### [TASK REQUIREMENTS]
If an entry contains a picture, omit that picture and transcribe everything else exactly.

### [INPUT FOR THIS TASK]
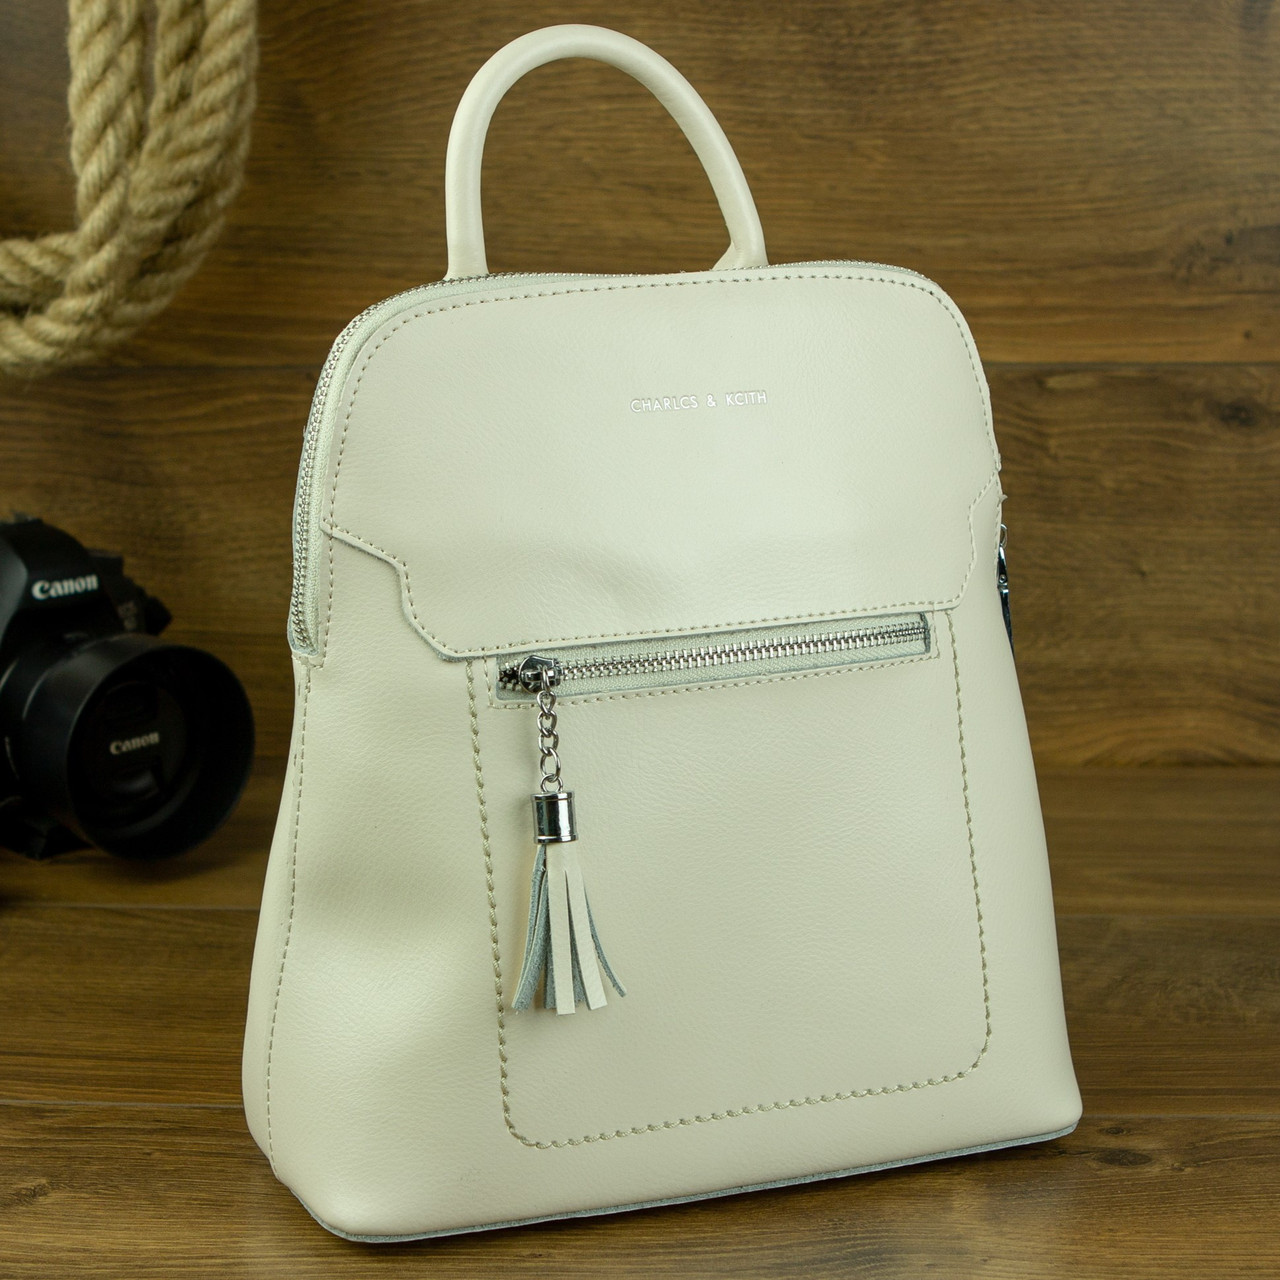 Жіночий стильний міський рюкзак з натуральної шкіри в білому кольорі, фото 1
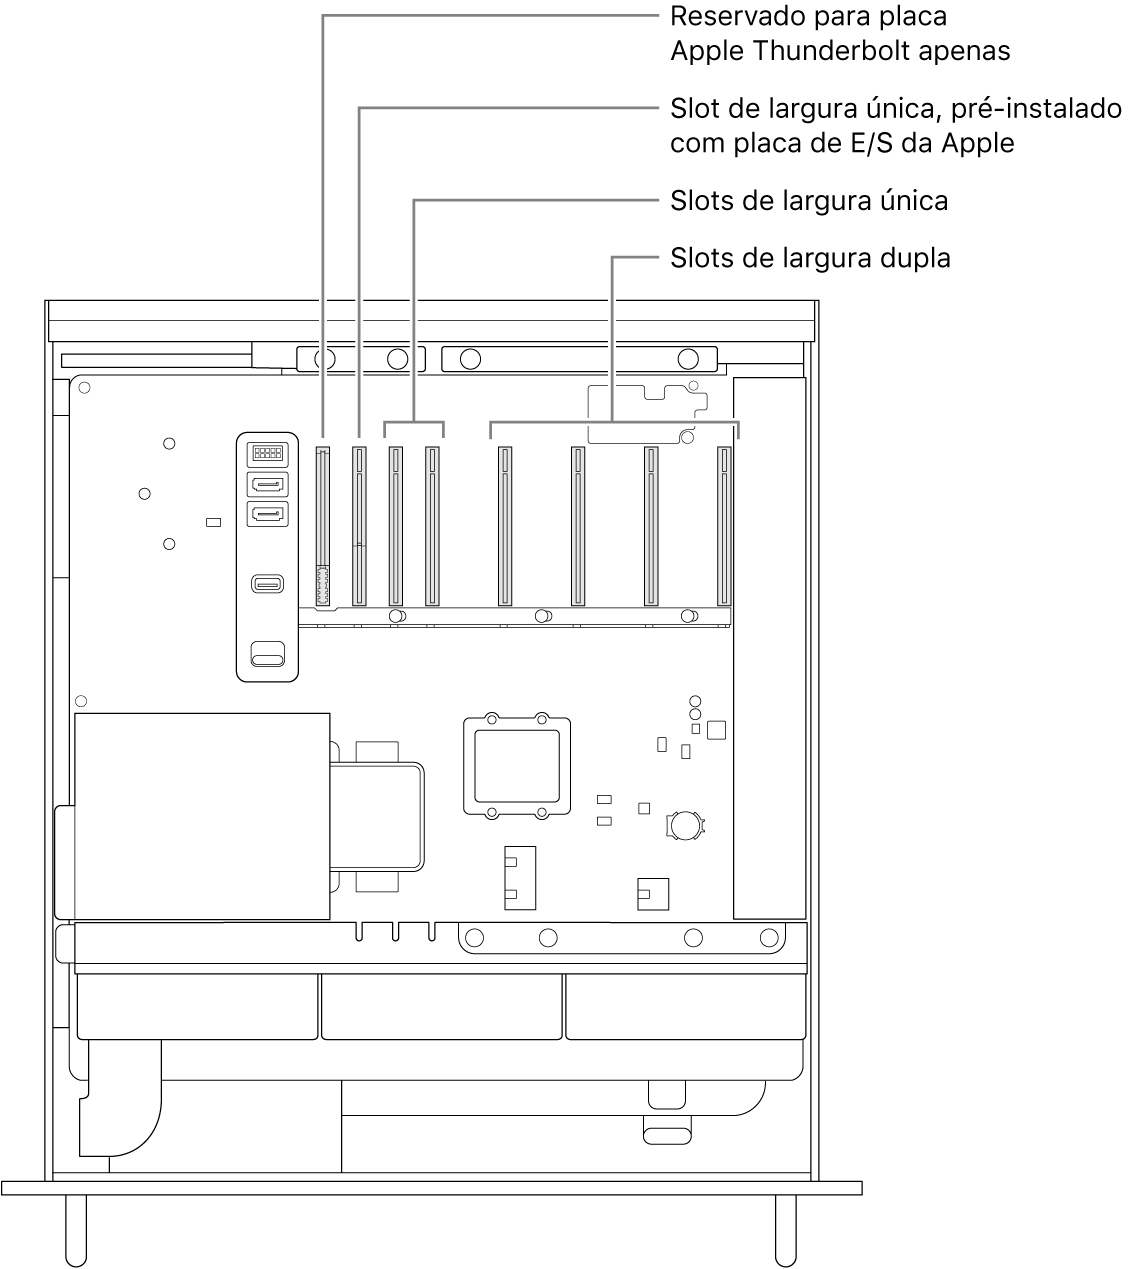 Lateral do Mac Pro aberta, com chamadas mostrando a localização do slot da placa de E/S Thunderbolt, do slot de largura simples para a placa de E/S da Apple, dos dois slots de largura simples e dos quatro slots de largura dupla.
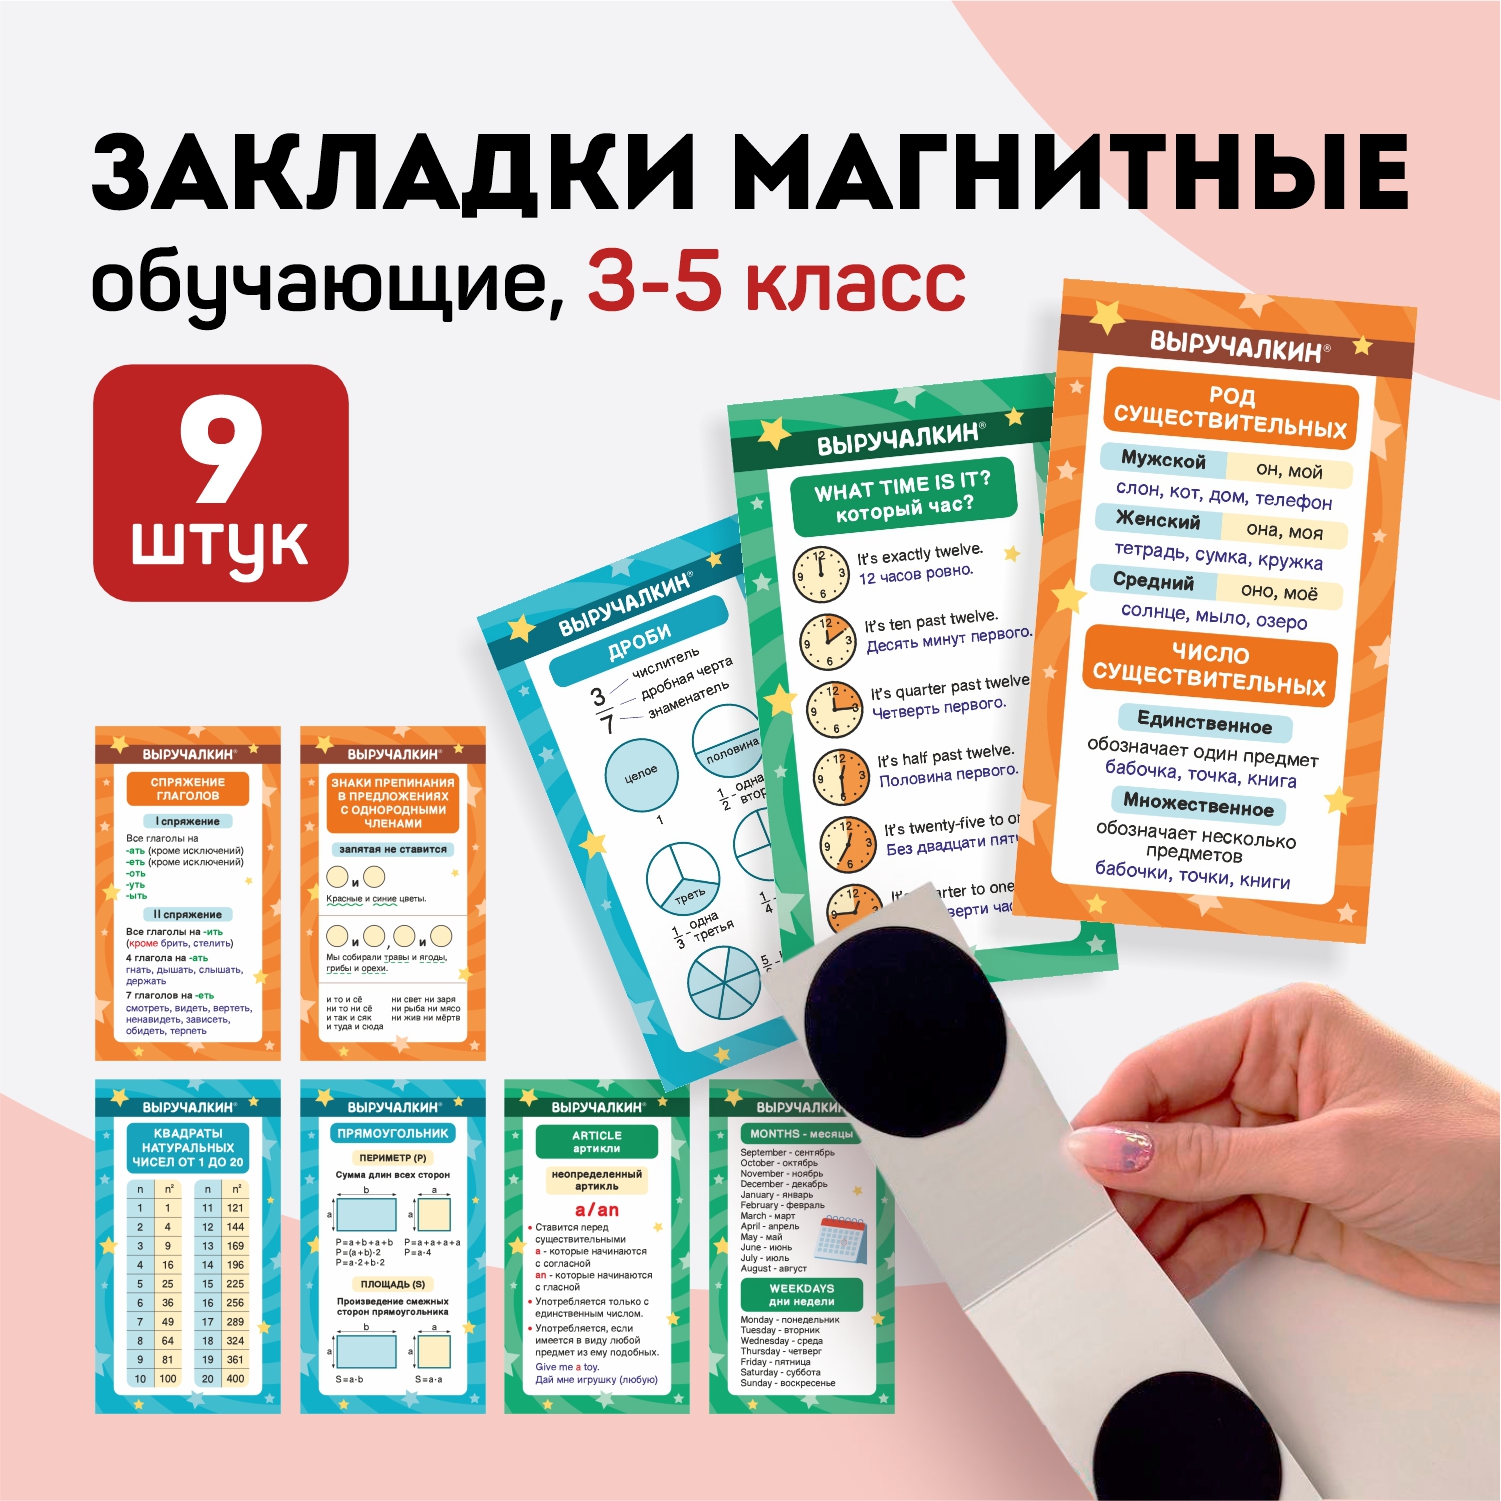 Закладки для книг Выручалкин postcard017, школьные 3-5 класс, магнитные, 9 шт
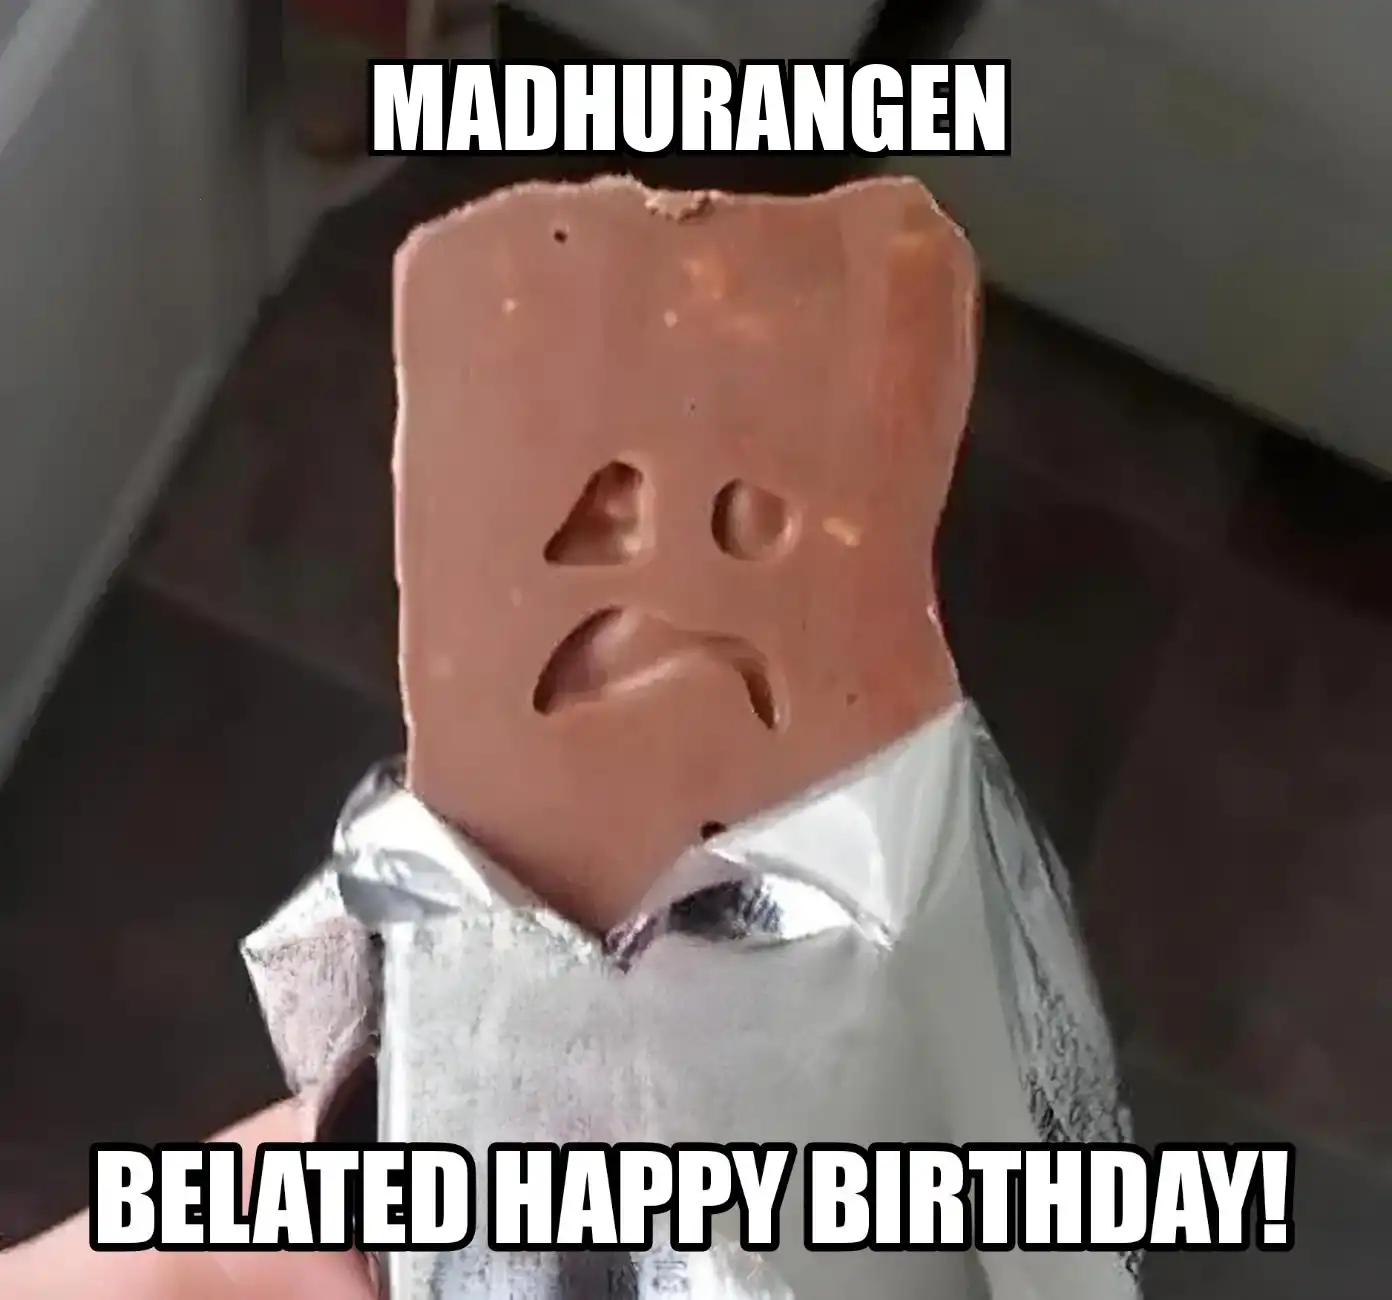 Happy Birthday Madhurangen Belated Happy Birthday Meme
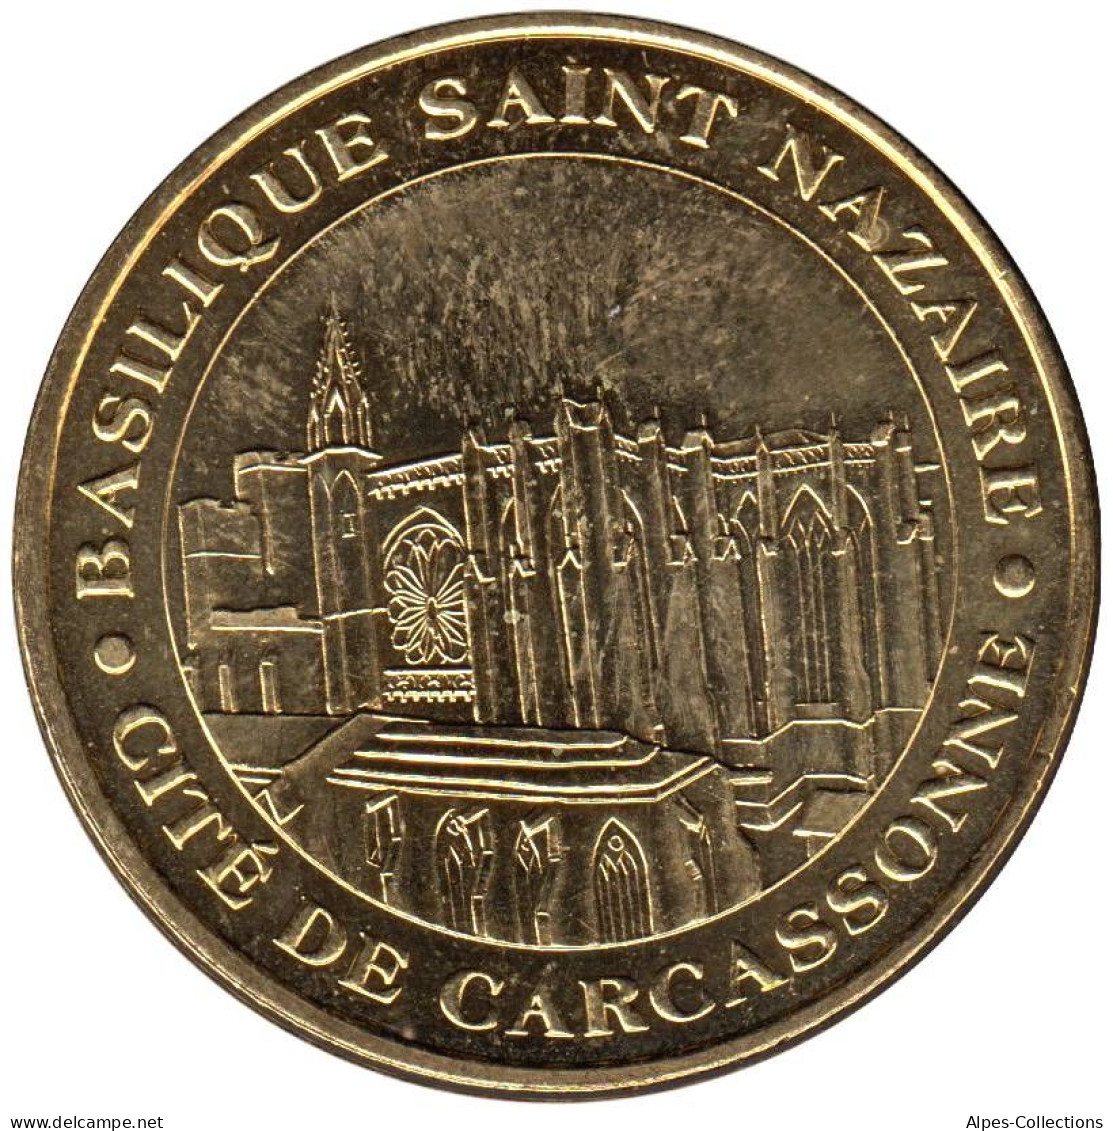 11-0016 - JETON TOURISTIQUE MDP - Basilique Saint-Nazaire - Carcassonne - 2009.1 - 2009

### [EXERCISE SOLUTION]
 Жіночий стильний міський рюкзак з натуральної шкіри в білому кольорі, фото 1
 Lateral do Mac Pro aberta, com chamadas mostrando a localização do slot da placa de E/S Thunderbolt, do slot de largura simples para a placa de E/S da Apple, dos dois slots de largura simples e dos quatro slots de largura dupla.
 Закладки для книг Выручалкин postcard017, школьные 3-5 класс, магнитные, 9 шт
 Happy Birthday Madhurangen Belated Happy Birthday Meme
 11-0016 - JETON TOURISTIQUE MDP - Basilique Saint-Nazaire - Carcassonne - 2009.1 - 2009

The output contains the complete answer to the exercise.